Step 5: Evaluate effect size and accuracy
Evaluate if the effect size (d) is theoretically or practically meaningful in the current context. Consider using the general benchmark 0 < d < 0.1 ‘‘small effect,’’ 0.1 ≤ d < 0.3 ‘‘medium effect,’’ 0.3 ≤ d <0.5 ‘‘large effect,’’ and d ≥ 0.5 ‘‘very large effect.’’ Compare the accuracy with the benchmark of 95%. If effect size and accuracy are considered large enough, continue with Step 6. In the example the necessity effect size can be considered as meaningful with a medium effect size. The accuracy is somewhat low due to the small number of observations with 2 observations are above the ceiling line.
Step 6: Formulate the necessary condition
If the researcher concludes from Step 5 that the necessary condition is present in the current sample, the necessary condition can be formulated in general terms (in kind) as ‘‘Individualism is necessary for Innovation performance’’. Additionally the necessary condition can be formulated more detailed (in degree) by formulating the ceiling line Yc = 2.2Xc + 28.4 indicating which minimum level of Xc is necessary for which level of Yc. The slope and intercept of the ceiling line are calculated with the NCA Software.
Warning: just like any other research approach and data analysis technique NCA has several limitations.
Multiple NCA
In multiple NCA there is more than one potential necessary condition (X1, X2, …) and one outcome (Y). We can extend the bivariate example by adding another potential necessary condition for Innovation performance, for example Risk taking. Then there are two necessity hypotheses:
H1 Individualism is necessary for Innovation performance.
H2 Risk taking is necessary for Innovation performance.
For a multiple NCA, first the bivariate analyses is made for each condition separately, because a necessary condition operates independently from the rest of the causal structure. Hence steps 1-6 are repeated for Risk taking. It turns out, when using the NCA Software or NCA Calculator, that Risk taking is also necessary for Innovation performance with effect size 0.282, which can be considered as a medium effect size.
A multiple NCA with two necessary conditions is a necessary AND configuration, which can be represented by a ceiling surface.

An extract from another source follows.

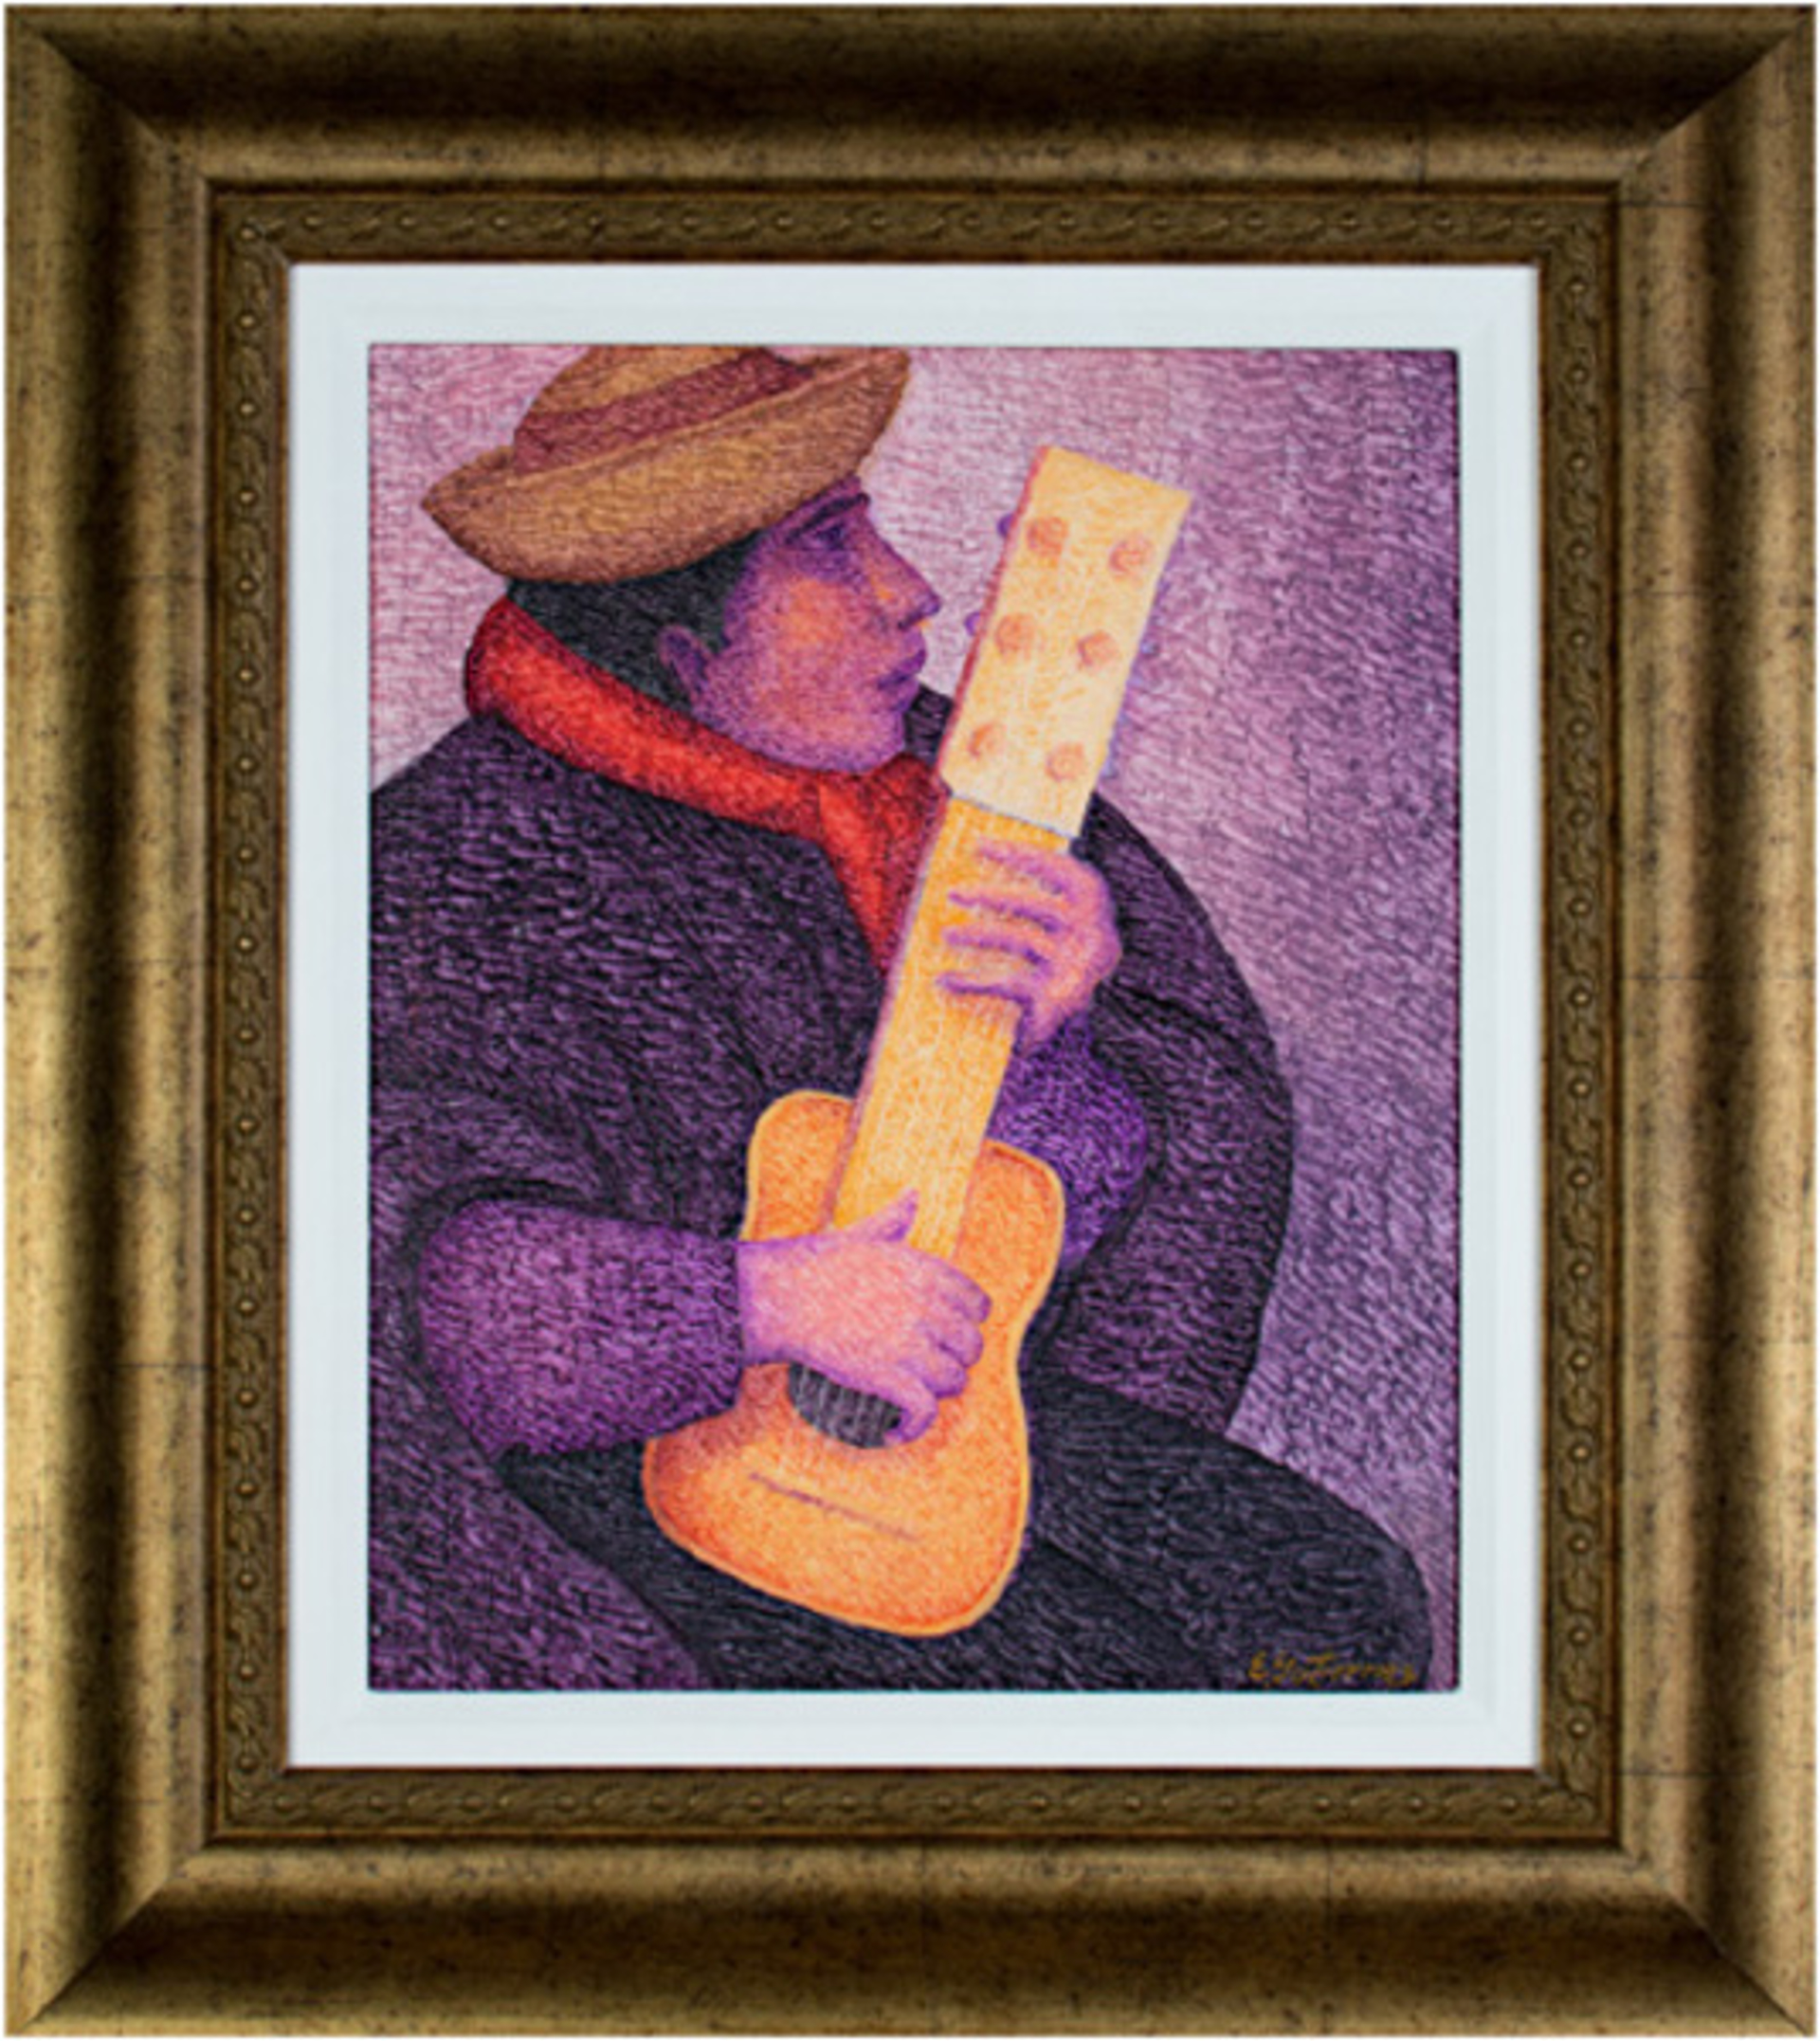 El Guitarrista by Ernesto Gutierrez

For the interpretation of the multiple NCA the bottleneck table can be helpful. The bottleneck table is a tabular representation of the ceiling lines of one or multiple necessary conditions. It shows the required necessary level of the conditions (X1=Individualism, X2=Risk taking) for a given level of the outcome (Y=Innovation performance), see below.
Y X1 X2
0 NN NN
10 NN NN
20 NN NN
30 NN 8.0
40 11.0 17.1
50 24.1 26.2
60 37.2 35.2
70 50.3 44.3
80 63.4 53.4
90 76.5 62.4
100 89.6 71.5
The level of the conditions and outcome are expressed as percentage of the range: 0 is the minimum observed value, 100 is the maximum observed value, and 50 is the value in between these two values. The bottleneck table for the example shows that for a level of the outcome Y=20 no minimum value of Individualism (X1), and no minimum value of Risk taking (X2) are required for that ourcome to occur (NN= Not Necessary). However, for Y=30, a minimum value of 8.0 is required for Risk taking, and for Y=40 a minimum value of 11.0 is required for Individualism, and a minimum value of 17.1 is required for Risk taking. For Y=100 (maximum Innovation performance), a minimum value of 89.6 for Individualism, and of 71.5 for Risk taking are required. If in practice one of these minimum levels is not achieved, the outcome Y=100 will not occur. Hence, each condition can be a bottleneck.